Swap the in-memory backends for durable ones — same protocols, different constructor:

from yaab import Runner
from yaab.sessions import SQLiteSessionService
from yaab.graph import SQLiteSaver
from yaab.governance import AuditLog, SQLiteAuditSink, SQLiteRegistryBackend, AgentRegistry

runner = Runner(session_service=SQLiteSessionService("sessions.db"))
checkpointer = SQLiteSaver("checkpoints.db")
audit = AuditLog(sinks=[SQLiteAuditSink("audit.db")])
registry = AgentRegistry(SQLiteRegistryBackend("registry.db"))

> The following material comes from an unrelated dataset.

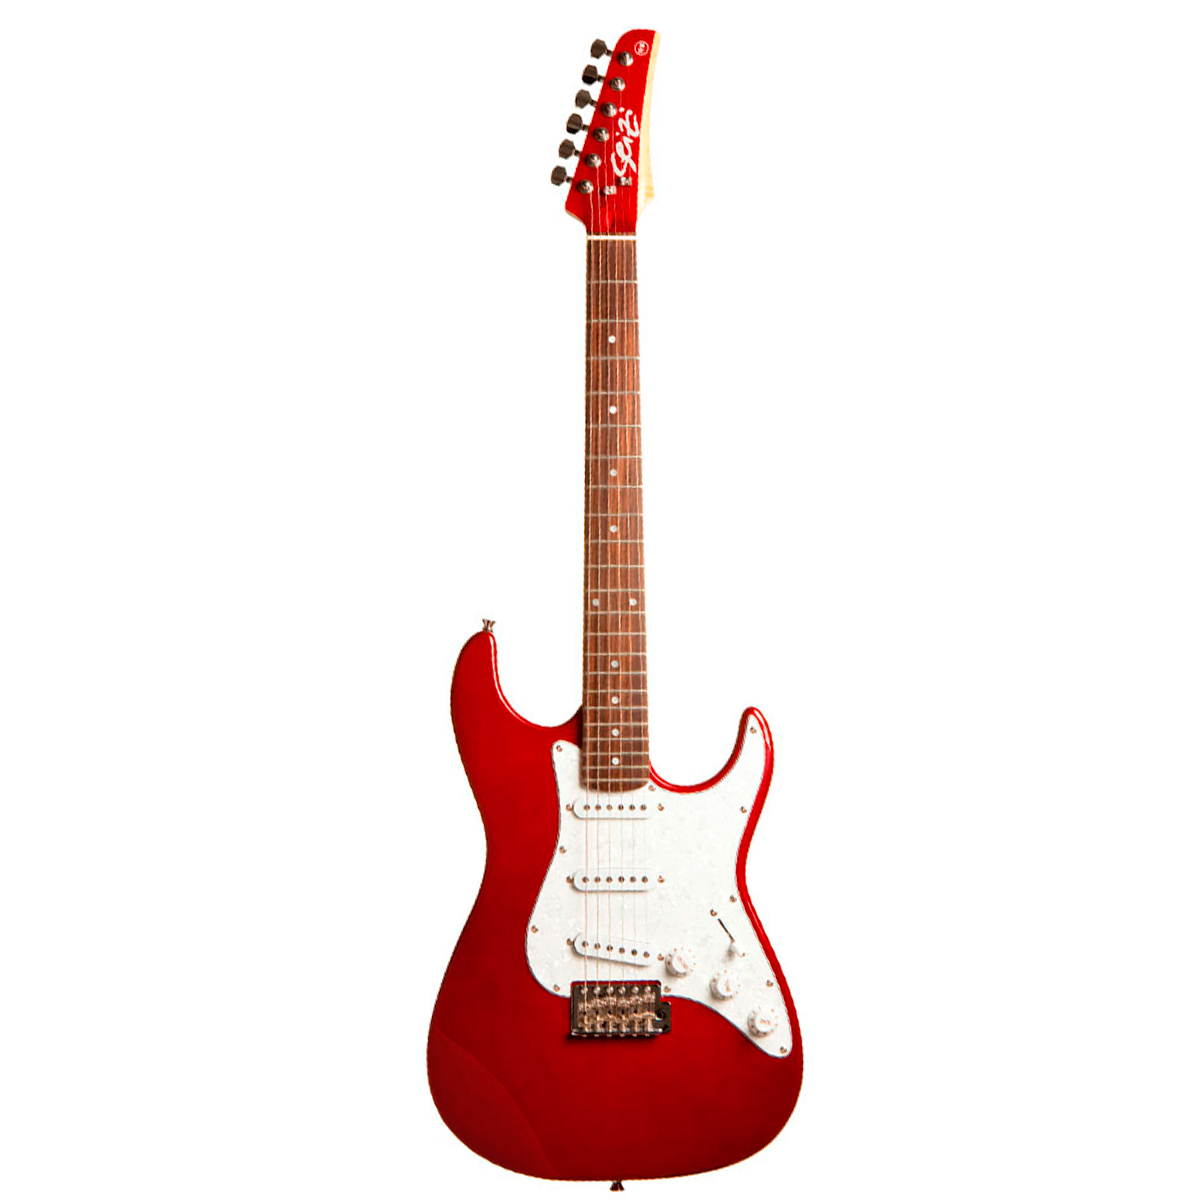 Guitarra Vision Metallic Red c/ Escudo Branco Perolado - Seizi
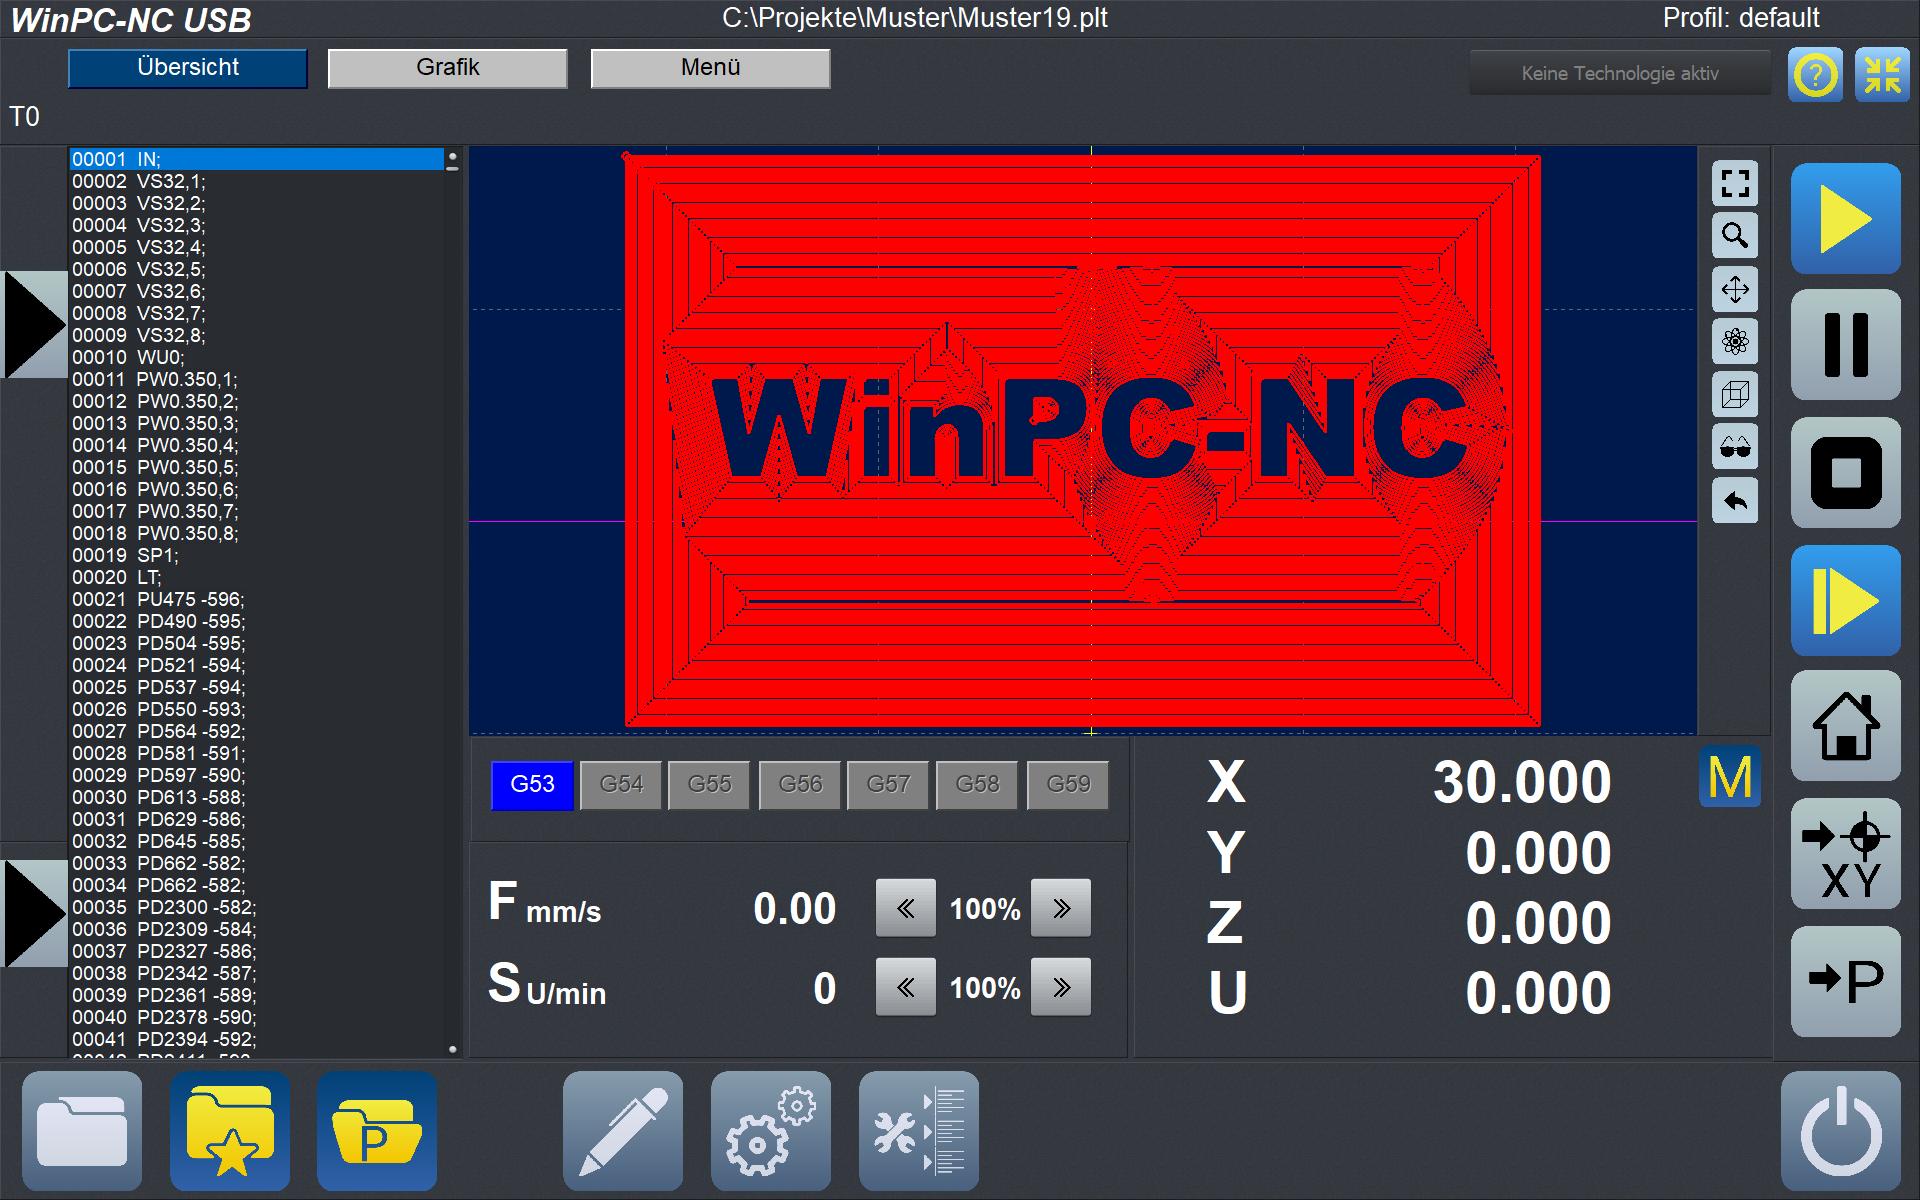 WinPC-NC Update auf Version 4.x

For Postgres, install the extra and swap one line — same SessionService protocol, so agent code is untouched:

pip install 'yaab-sdk[postgres]'
from yaab.sessions import PostgresSessionService
runner = Runner(session_service=PostgresSessionService("postgresql://user:pw@host/db"))

Lists are paginated for large tenants:

ids = await session_manager.list_sessions(app_name="app", user_id="u", limit=50, offset=0)

Running N replicas

The in-memory defaults are single-process only. The moment you run more than one replica behind a load balancer, each replica keeps its own private copy of state, so they never see one another's data: background runs vanish on restart, an approval queued on one replica is invisible to another, and a rate=10 budget silently becomes 10 × replicas. Before scaling past one replica, every stateful concern must point at a shared backend.

Mandatory swaps

Stateful concern In-memory default (single process) Durable backend (N replicas)
Conversation sessions InMemorySessionService SQLiteSessionService / PostgresSessionService / RedisSessionService
Artifacts (files/blobs) InMemoryArtifactService SQLiteArtifactService / PostgresArtifactService / RedisArtifactService
Run store (the run queue) InMemoryRunStore SQLiteRunStore / PostgresRunStore / RedisRunStore
Approval store (human sign-off) InMemoryApprovalStore SQLiteApprovalStore / PostgresApprovalStore / RedisApprovalStore
Trace store (run history) InMemoryTraceStore SQLiteTraceStore / PostgresTraceStore / RedisTraceStore
Run checkpointer (fault tolerance) MemorySaver SQLiteSaver / PostgresSaver / RedisSaver
Audit sink (compliance ledger) InMemoryAuditSink SQLiteAuditSink
Agent registry InMemoryRegistryBackend SQLiteRegistryBackend / RemoteRegistryBackend
Rate-limit budget in-process RateLimiter (per replica) RedisRateLimiter (one global budget)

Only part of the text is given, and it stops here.